[Stored dataset items]
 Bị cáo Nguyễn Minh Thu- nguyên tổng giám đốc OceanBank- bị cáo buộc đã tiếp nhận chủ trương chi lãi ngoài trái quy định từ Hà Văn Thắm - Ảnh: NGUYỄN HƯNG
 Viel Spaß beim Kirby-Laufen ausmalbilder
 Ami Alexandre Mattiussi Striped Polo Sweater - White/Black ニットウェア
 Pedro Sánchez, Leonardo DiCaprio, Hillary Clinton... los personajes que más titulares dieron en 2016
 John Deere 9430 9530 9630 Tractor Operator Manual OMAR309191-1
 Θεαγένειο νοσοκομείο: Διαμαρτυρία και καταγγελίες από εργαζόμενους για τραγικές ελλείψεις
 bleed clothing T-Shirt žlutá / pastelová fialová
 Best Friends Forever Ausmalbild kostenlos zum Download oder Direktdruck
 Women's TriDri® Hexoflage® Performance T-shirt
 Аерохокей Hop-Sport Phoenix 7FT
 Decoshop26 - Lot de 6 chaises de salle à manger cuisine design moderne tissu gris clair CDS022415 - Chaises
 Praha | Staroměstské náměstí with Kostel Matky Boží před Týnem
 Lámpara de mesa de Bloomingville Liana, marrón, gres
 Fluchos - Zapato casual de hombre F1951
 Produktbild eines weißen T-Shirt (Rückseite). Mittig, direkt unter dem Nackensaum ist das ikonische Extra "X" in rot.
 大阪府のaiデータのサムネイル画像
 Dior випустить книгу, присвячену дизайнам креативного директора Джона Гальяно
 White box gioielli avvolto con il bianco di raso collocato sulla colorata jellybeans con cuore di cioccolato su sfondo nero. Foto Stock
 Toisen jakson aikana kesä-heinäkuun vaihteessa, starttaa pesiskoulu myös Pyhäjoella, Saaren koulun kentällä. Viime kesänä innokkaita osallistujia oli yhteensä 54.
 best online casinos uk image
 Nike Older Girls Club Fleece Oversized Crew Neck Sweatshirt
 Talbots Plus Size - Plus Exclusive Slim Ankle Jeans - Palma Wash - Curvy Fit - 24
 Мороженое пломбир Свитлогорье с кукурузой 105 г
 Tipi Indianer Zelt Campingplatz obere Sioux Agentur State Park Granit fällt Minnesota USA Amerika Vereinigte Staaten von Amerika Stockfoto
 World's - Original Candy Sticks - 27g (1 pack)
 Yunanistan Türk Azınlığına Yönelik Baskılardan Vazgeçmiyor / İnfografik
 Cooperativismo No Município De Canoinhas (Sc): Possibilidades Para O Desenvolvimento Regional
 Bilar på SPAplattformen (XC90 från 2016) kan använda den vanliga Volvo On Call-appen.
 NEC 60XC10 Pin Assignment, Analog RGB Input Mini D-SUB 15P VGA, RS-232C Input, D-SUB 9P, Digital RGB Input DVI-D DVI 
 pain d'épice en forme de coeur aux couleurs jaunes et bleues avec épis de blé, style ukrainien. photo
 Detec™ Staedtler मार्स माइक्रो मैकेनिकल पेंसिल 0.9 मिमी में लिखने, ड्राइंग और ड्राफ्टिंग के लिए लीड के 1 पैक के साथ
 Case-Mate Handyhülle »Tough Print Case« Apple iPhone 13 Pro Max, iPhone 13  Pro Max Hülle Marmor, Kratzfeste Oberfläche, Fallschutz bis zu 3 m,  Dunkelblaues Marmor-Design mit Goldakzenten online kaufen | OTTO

• [What to do]:
An exact repetition of all the entries is required.

• [Reply to the exercise]:
 Bị cáo Nguyễn Minh Thu- nguyên tổng giám đốc OceanBank- bị cáo buộc đã tiếp nhận chủ trương chi lãi ngoài trái quy định từ Hà Văn Thắm - Ảnh: NGUYỄN HƯNG
 Viel Spaß beim Kirby-Laufen ausmalbilder
 Ami Alexandre Mattiussi Striped Polo Sweater - White/Black ニットウェア
 Pedro Sánchez, Leonardo DiCaprio, Hillary Clinton... los personajes que más titulares dieron en 2016
 John Deere 9430 9530 9630 Tractor Operator Manual OMAR309191-1
 Θεαγένειο νοσοκομείο: Διαμαρτυρία και καταγγελίες από εργαζόμενους για τραγικές ελλείψεις
 bleed clothing T-Shirt žlutá / pastelová fialová
 Best Friends Forever Ausmalbild kostenlos zum Download oder Direktdruck
 Women's TriDri® Hexoflage® Performance T-shirt
 Аерохокей Hop-Sport Phoenix 7FT
 Decoshop26 - Lot de 6 chaises de salle à manger cuisine design moderne tissu gris clair CDS022415 - Chaises
 Praha | Staroměstské náměstí with Kostel Matky Boží před Týnem
 Lámpara de mesa de Bloomingville Liana, marrón, gres
 Fluchos - Zapato casual de hombre F1951
 Produktbild eines weißen T-Shirt (Rückseite). Mittig, direkt unter dem Nackensaum ist das ikonische Extra "X" in rot.
 大阪府のaiデータのサムネイル画像
 Dior випустить книгу, присвячену дизайнам креативного директора Джона Гальяно
 White box gioielli avvolto con il bianco di raso collocato sulla colorata jellybeans con cuore di cioccolato su sfondo nero. Foto Stock
 Toisen jakson aikana kesä-heinäkuun vaihteessa, starttaa pesiskoulu myös Pyhäjoella, Saaren koulun kentällä. Viime kesänä innokkaita osallistujia oli yhteensä 54.
 best online casinos uk image
 Nike Older Girls Club Fleece Oversized Crew Neck Sweatshirt
 Talbots Plus Size - Plus Exclusive Slim Ankle Jeans - Palma Wash - Curvy Fit - 24
 Мороженое пломбир Свитлогорье с кукурузой 105 г
 Tipi Indianer Zelt Campingplatz obere Sioux Agentur State Park Granit fällt Minnesota USA Amerika Vereinigte Staaten von Amerika Stockfoto
 World's - Original Candy Sticks - 27g (1 pack)
 Yunanistan Türk Azınlığına Yönelik Baskılardan Vazgeçmiyor / İnfografik
 Cooperativismo No Município De Canoinhas (Sc): Possibilidades Para O Desenvolvimento Regional
 Bilar på SPAplattformen (XC90 från 2016) kan använda den vanliga Volvo On Call-appen.
 NEC 60XC10 Pin Assignment, Analog RGB Input Mini D-SUB 15P VGA, RS-232C Input, D-SUB 9P, Digital RGB Input DVI-D DVI 
 pain d'épice en forme de coeur aux couleurs jaunes et bleues avec épis de blé, style ukrainien. photo
 Detec™ Staedtler मार्स माइक्रो मैकेनिकल पेंसिल 0.9 मिमी में लिखने, ड्राइंग और ड्राफ्टिंग के लिए लीड के 1 पैक के साथ
 Case-Mate Handyhülle »Tough Print Case« Apple iPhone 13 Pro Max, iPhone 13  Pro Max Hülle Marmor, Kratzfeste Oberfläche, Fallschutz bis zu 3 m,  Dunkelblaues Marmor-Design mit Goldakzenten online kaufen | OTTO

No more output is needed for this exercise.